Information shown >>
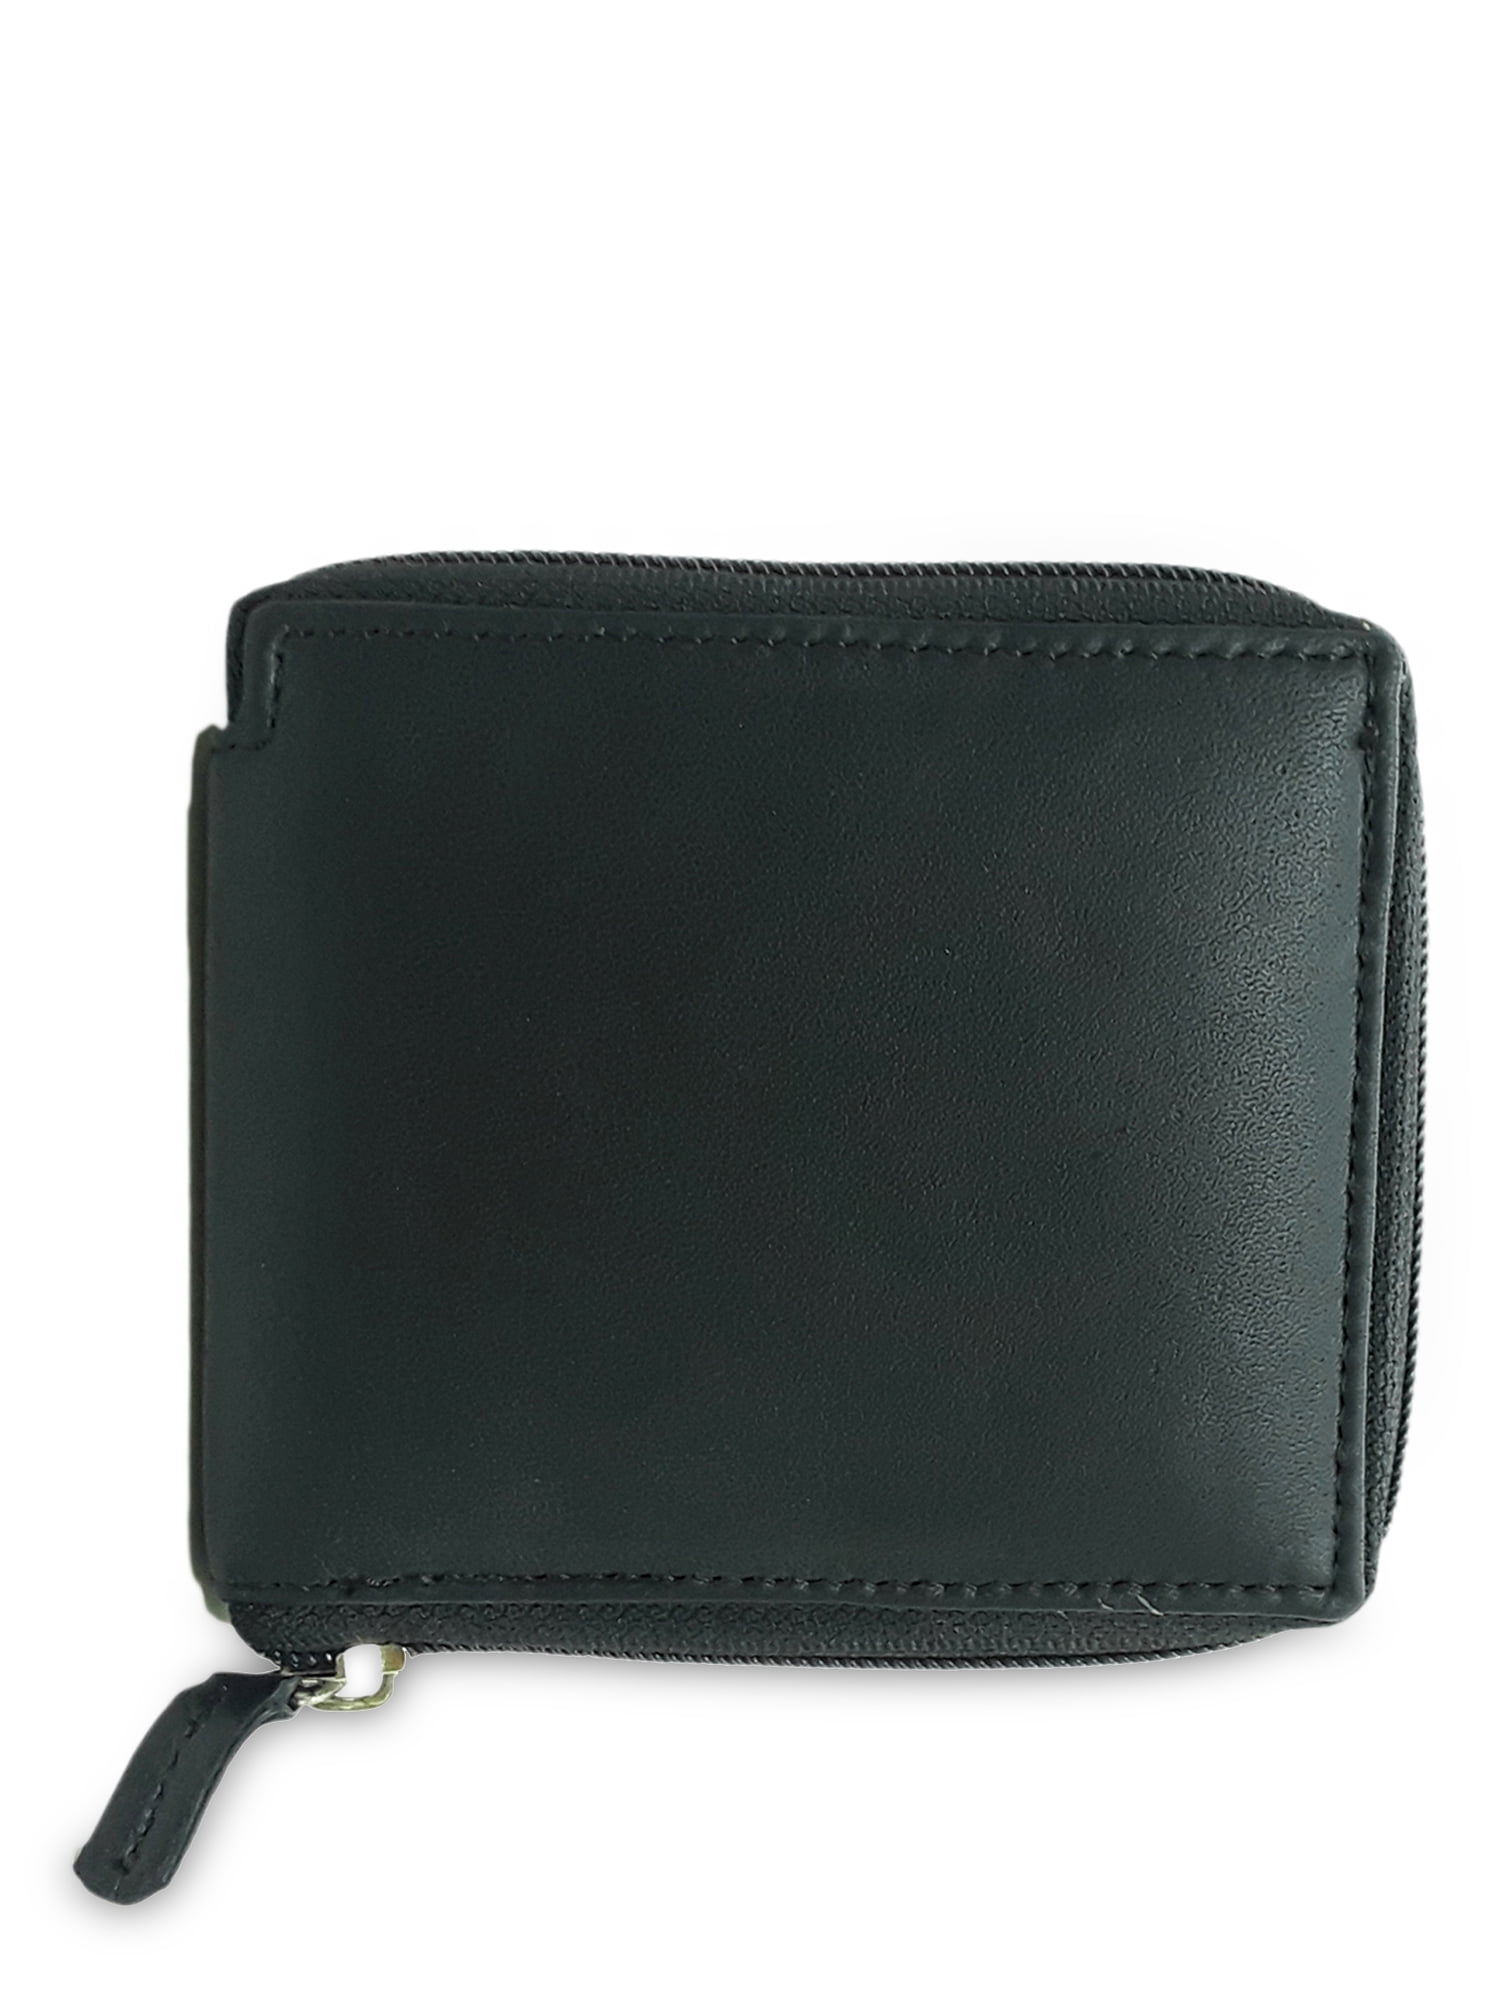 Leather Zip-around wallet - Walmart.com
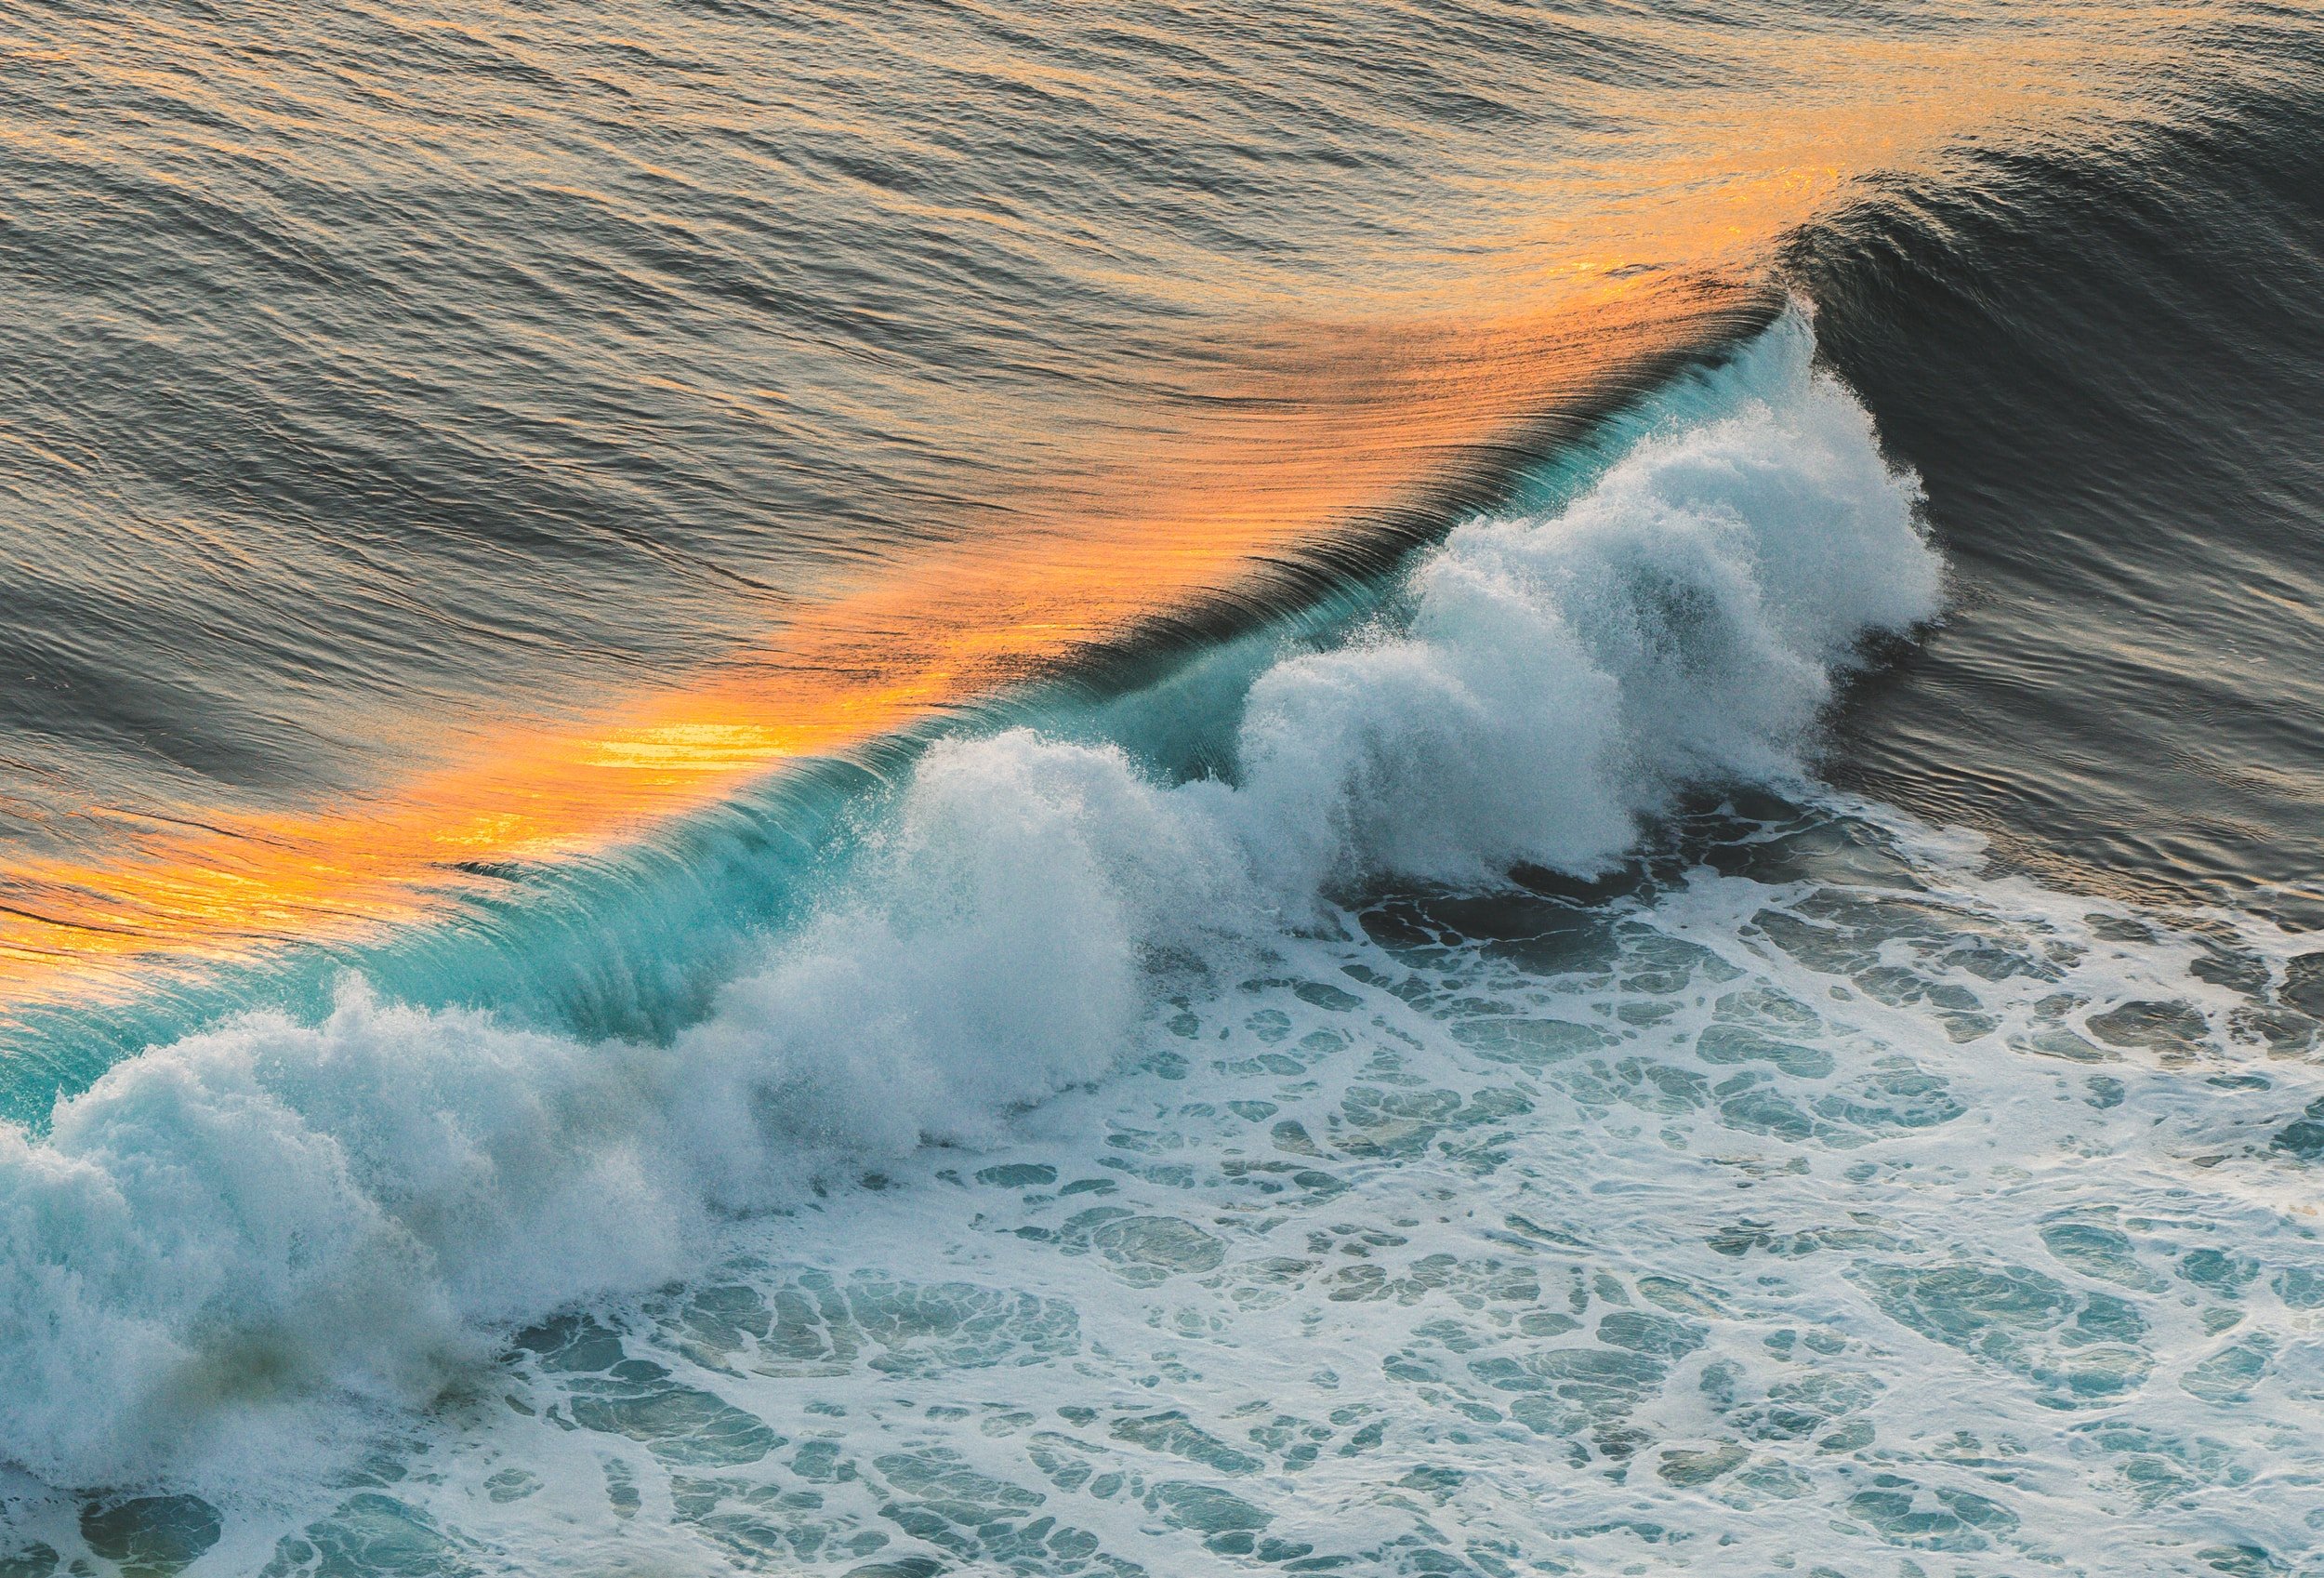 A crashing ocean wave.
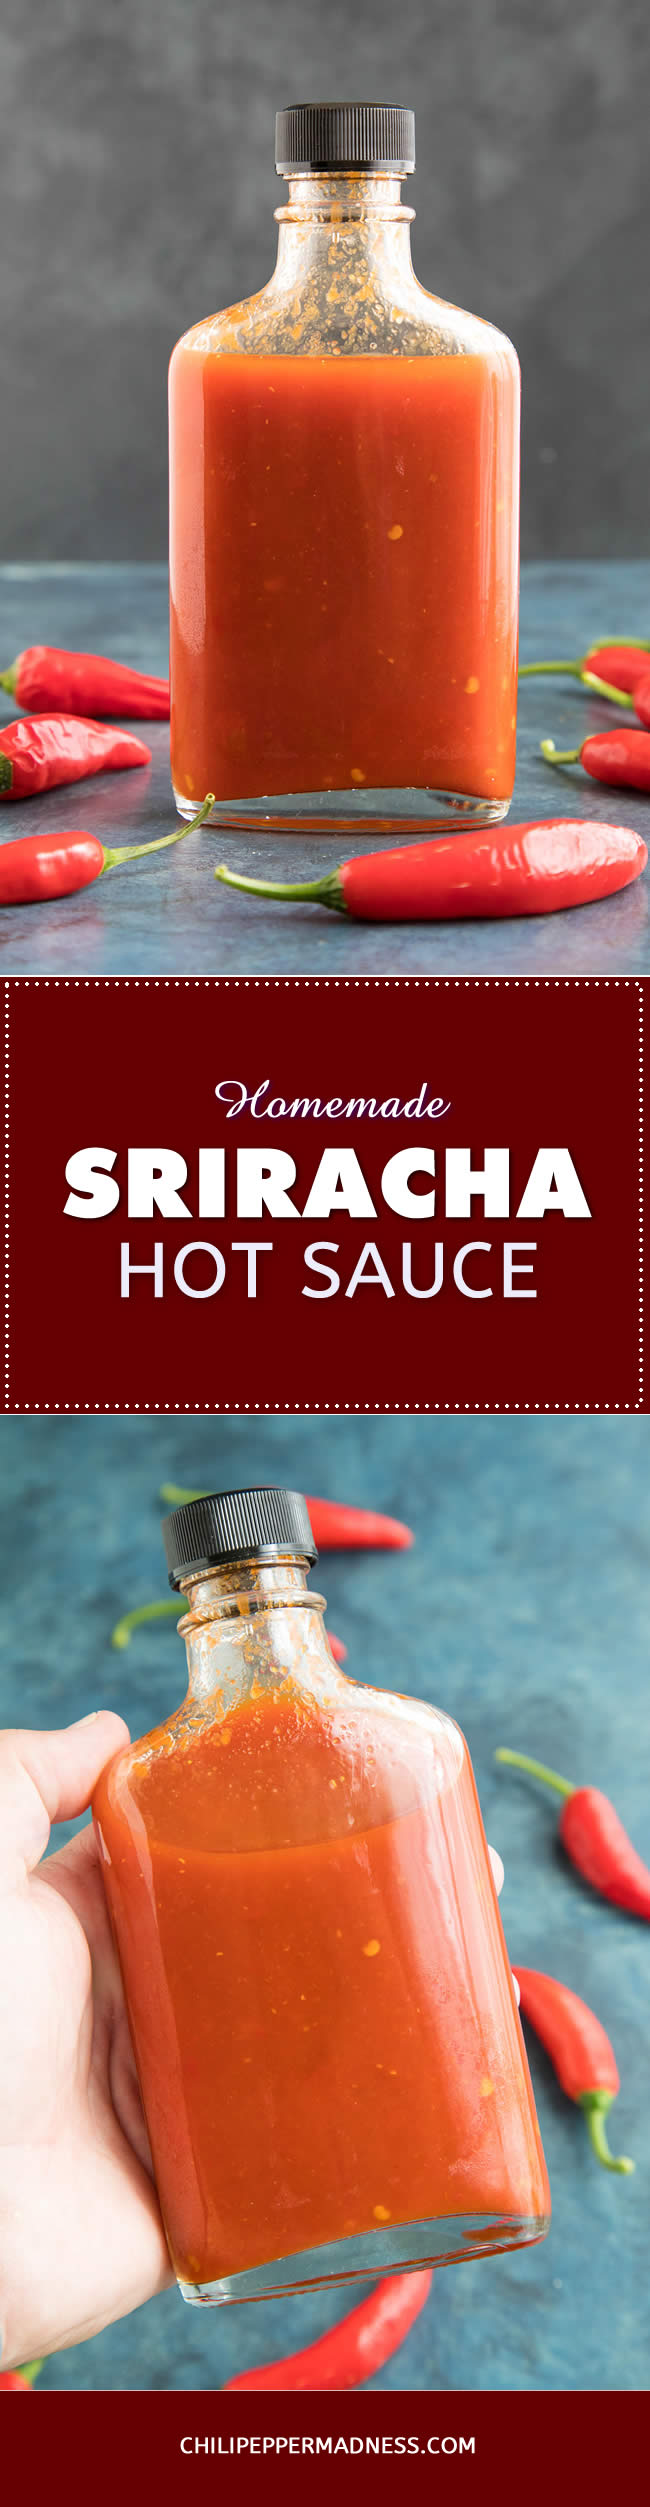 Homemade Sriracha Hot Sauce - Recipe
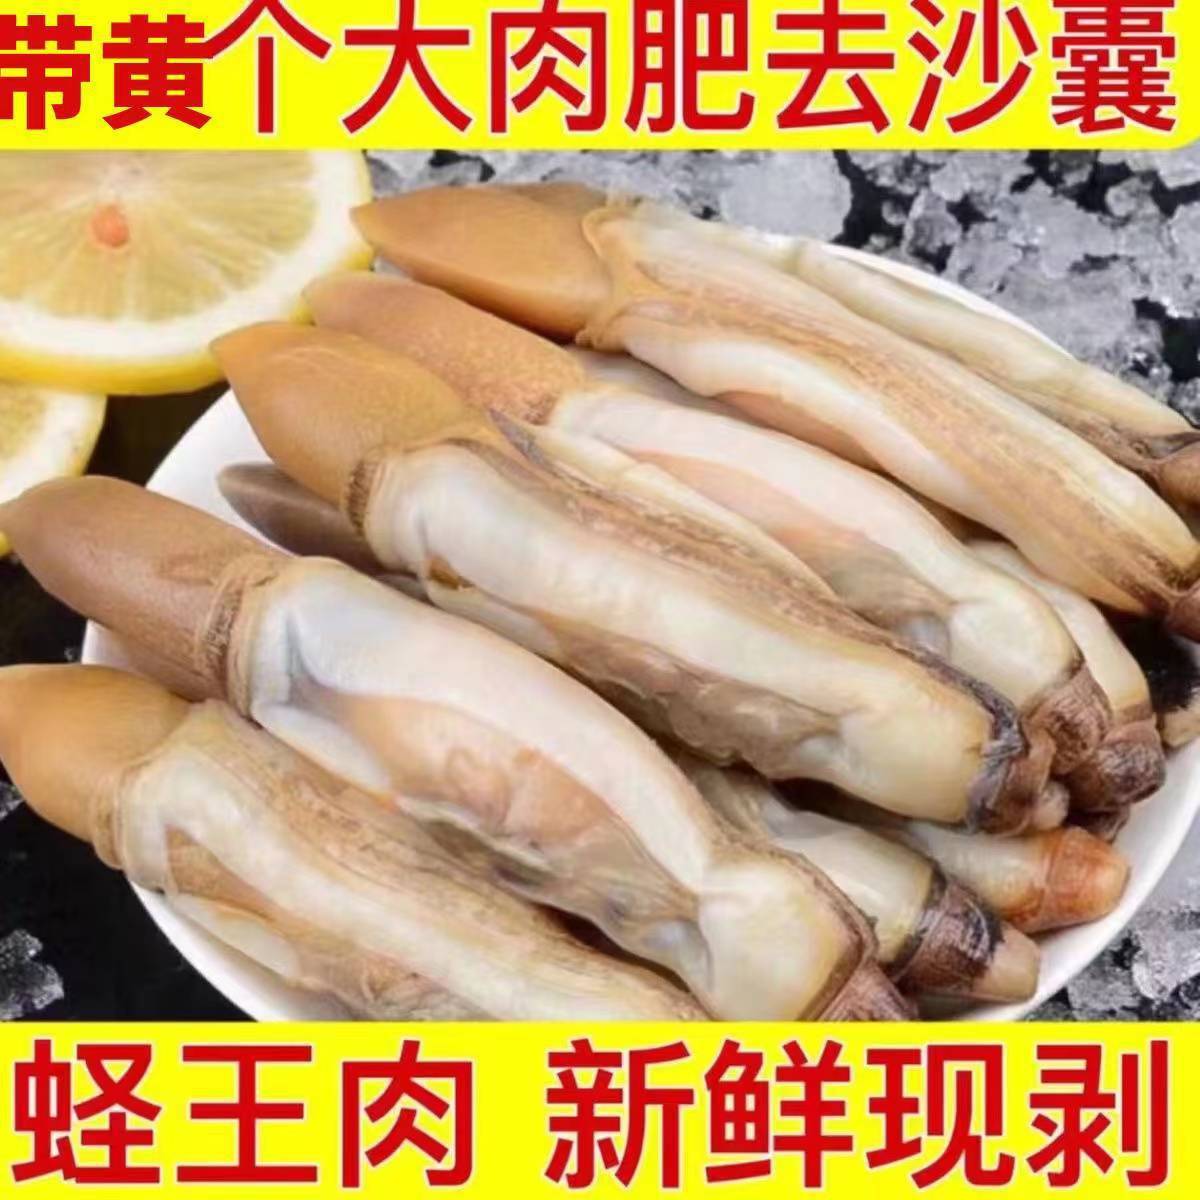 蛏王肉鲜活蛏子冷冻竹节蛏现剥海捕野生蛏子贝类海鲜水产批发商用

Try it >> Give back the full listing word for word, with the pictures left out.

Response box >>
 Leather Zip-around wallet - Walmart.com
 A crashing ocean wave.
 Homemade Sriracha Hot Sauce - Recipe
 蛏王肉鲜活蛏子冷冻竹节蛏现剥海捕野生蛏子贝类海鲜水产批发商用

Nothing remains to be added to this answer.